Monday, July 30, 2012

Author Spotlight: Patricia Yager Delagrange




Brandy Chambers was looking forward to the birth of her first child.  She and Weston move from San Francisco to the small town of Alameda to start a family, she’s writing her second book, and Weston has a fantastic job working on the Oakland-San Francisco Bay Bridge project.  Having this baby would make her already-wonderful life perfect.


But when the baby dies after a difficult birth, Brandy’s perfect life blows up in her face.  Stricken with grief, she and Weston pull apart.  This new distance leads them both to disaster.  Not until a chance encounter with her high school friend, Edward Barnes, does Brandy pull herself together.  Brandy and Weston agree to recommit to each other, striving to forgive infidelity and recreate their previous existence.


Everything is once again going according to plan--until Brandy discovers she’s pregnant.  While she struggles to cope with this new obstacle, Edward Barnes returns to town and discovers she’s having a baby, while Weston is torn between his love for his wife and his anger at her betrayal.  Can Brandy manage to keep her marriage to Weston together?  Will Edward be a part of Brandy’s life if she and Weston separate?


My Favorite School Memory

When asked what my favorite school memory is, I wonder whether it’s possible to have just one favorite memory during so many, many years attending school.  The answer is definitely not.  Why?

What part of school would I write about?  Kindergarten, when I was five years old?  Grammar school from grade 1 through grade 12?  Or how about my four years of college for my Bachelor’s degree then two years at university for my Master’s?

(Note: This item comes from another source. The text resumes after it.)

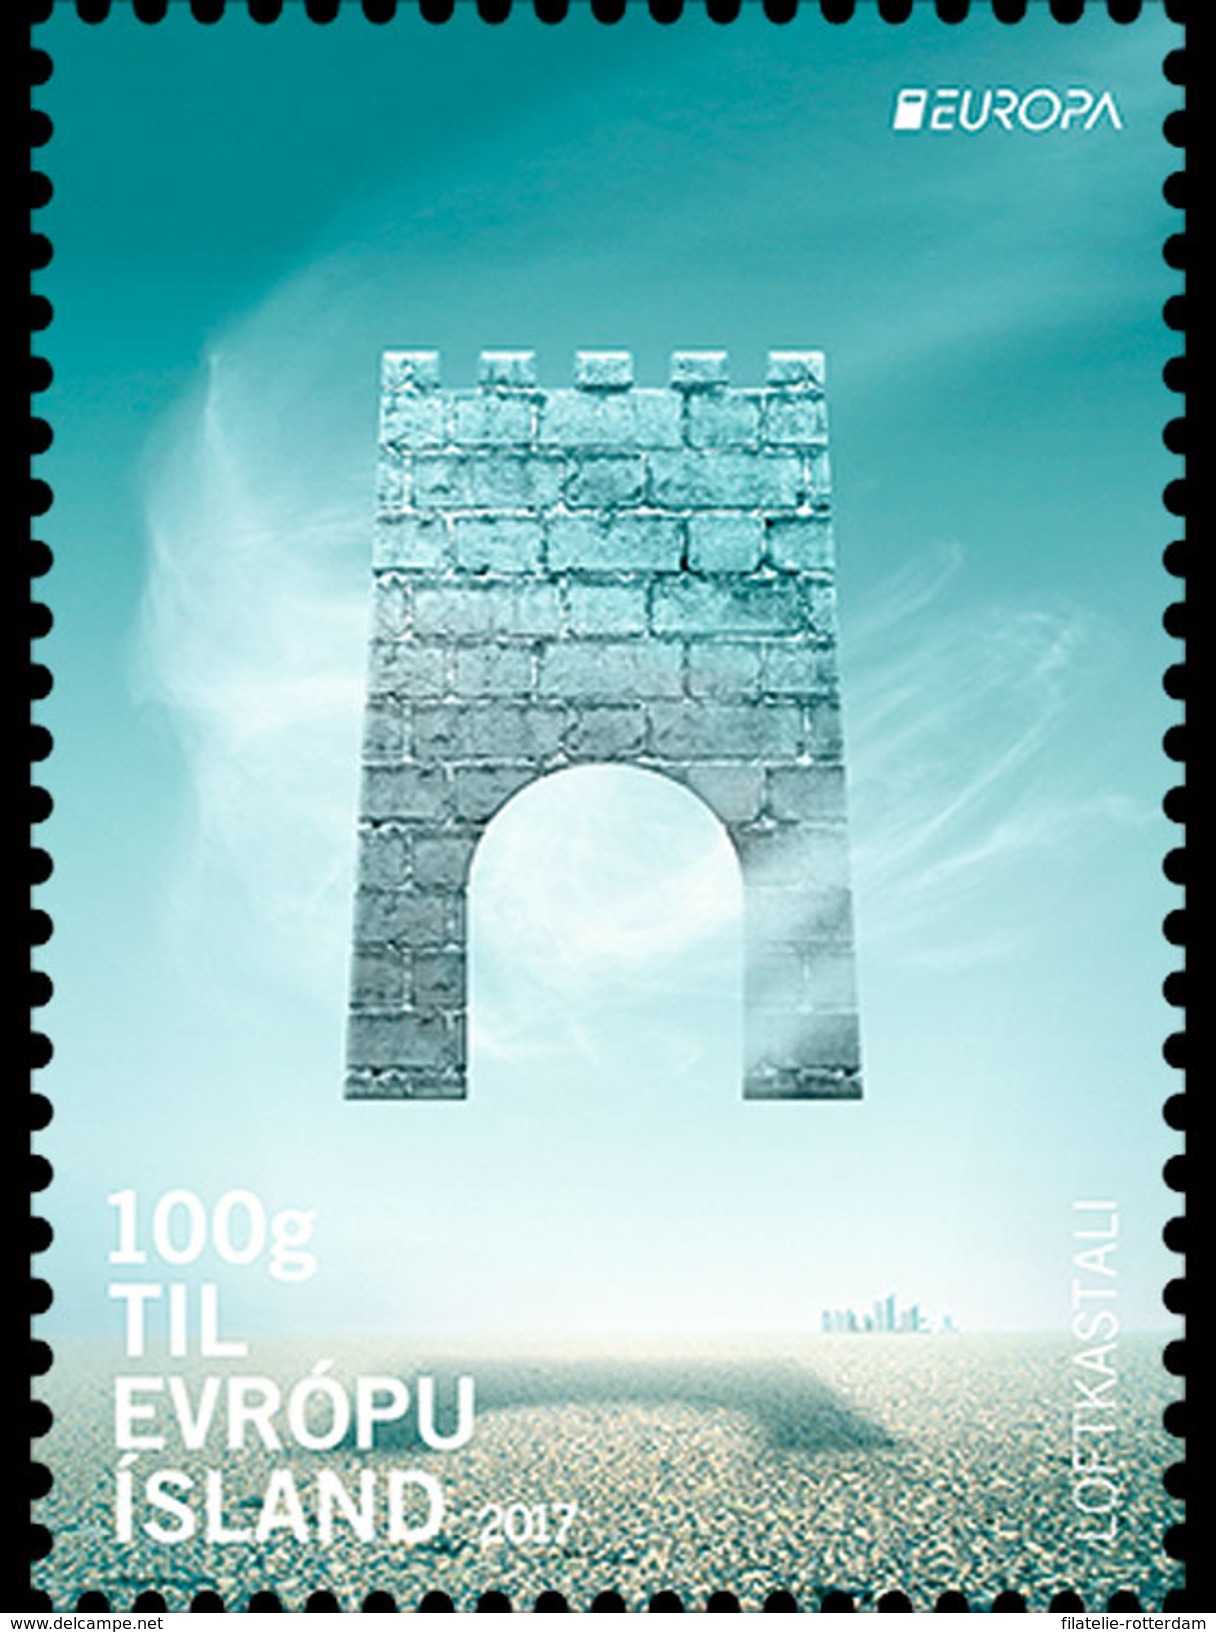 IJsland / Iceland - Postfris / MNH - Complete Set Europa, Kastelen 2017 - Unused Stamps

So I will try to wheedle this down to one memory per school time period and hopefully it will give an overview of what I found memorable during my life as a student.

In kindergarten my mother forced my older sister Kathy to take me all the way to the door of the classroom and wait until I entered.  Need I say how very much she hated doing that?  I was such a mommy’s girl, I hated being away from my mother at all.  I’d cry and cry and my sister said she was so humiliated she wanted to die.  Thanks, Kathy, for doing that under duress!

Throughout my grammar school days I was absolutely and unequivocally intrigued with the nuns who taught me for twelve years.  I recall we all wondered if they were “normal” people like the rest of us.  Can you imagine?  They were covered in layers upon layers of thick black fabric, along with the white wimples that dug into their foreheads and the sides of their faces, keeping their hair hidden.  But did they have hair, we wondered?  Did they actually go the the bathroom like the rest of us?  Did they eat the same food as we did?  I kid you not, we saw them as direct messengers from God and we placed them so high on a pedestal, it’s no wonder they ultimately feel off somewhere during my high school days.

My junior year abroad at the University of Madrid was an indescribable experience for someone so young.  I was in the Courses for Foreigners Program and there were people from all over the world who attended these classes - the same classes that the Spanish students were in, taught by Spanish teachers who knew not a bit of English.  It was total immersion.  During that time I lived in the dorms and ate with the other Spanish students as well as those from different countries, and we only spoke Spanish, since that was the language that tied us together.  I made best friends with a Canadian girl whose parents came over at the end of the school year and took us in a car throughout Eastern Europe - something I would never have had the opportunity to experience if it weren’t for them.  We went to Bulgaria, Romania, Yugoslavia, and Austria and saw so much of the countryside and churches and buildings and people.  It was amazing.

I ended my school days at Oregon State University and hated the rain so much, I was horribly homesick for California.  But I made a best friend from Southern California with whom I am still friends, and got my Master’s degree which opened quite a few doors for me in the working world afterward.

Did I have a favorite school experience?  I’d have to say that traveling around Europe and learning about cultures made me more open-minded than I already was, having grown up in the San Francisco Bay Area.  I learned that the United States isn’t “the world” and that most Americans are horribly ignorant of other cultures and religions.  I’m so glad I had my eyes ripped open which made me more understanding of our world’s brothers and sisters.





Born and raised in the San Francisco Bay Area, I attended St. Mary’s College, studied my junior year at the University of Madrid, received my B.A. in Spanish at UC Santa Barbara then went on to get my Master’s degree in Education at Oregon State University.  I live with my husband and two teenage children in Alameda, across the bay from San Francisco, along with two very large chocolate labs, Annabella and her son Jack.
My horse lives in the Oakland hills in a stall with a million dollar view.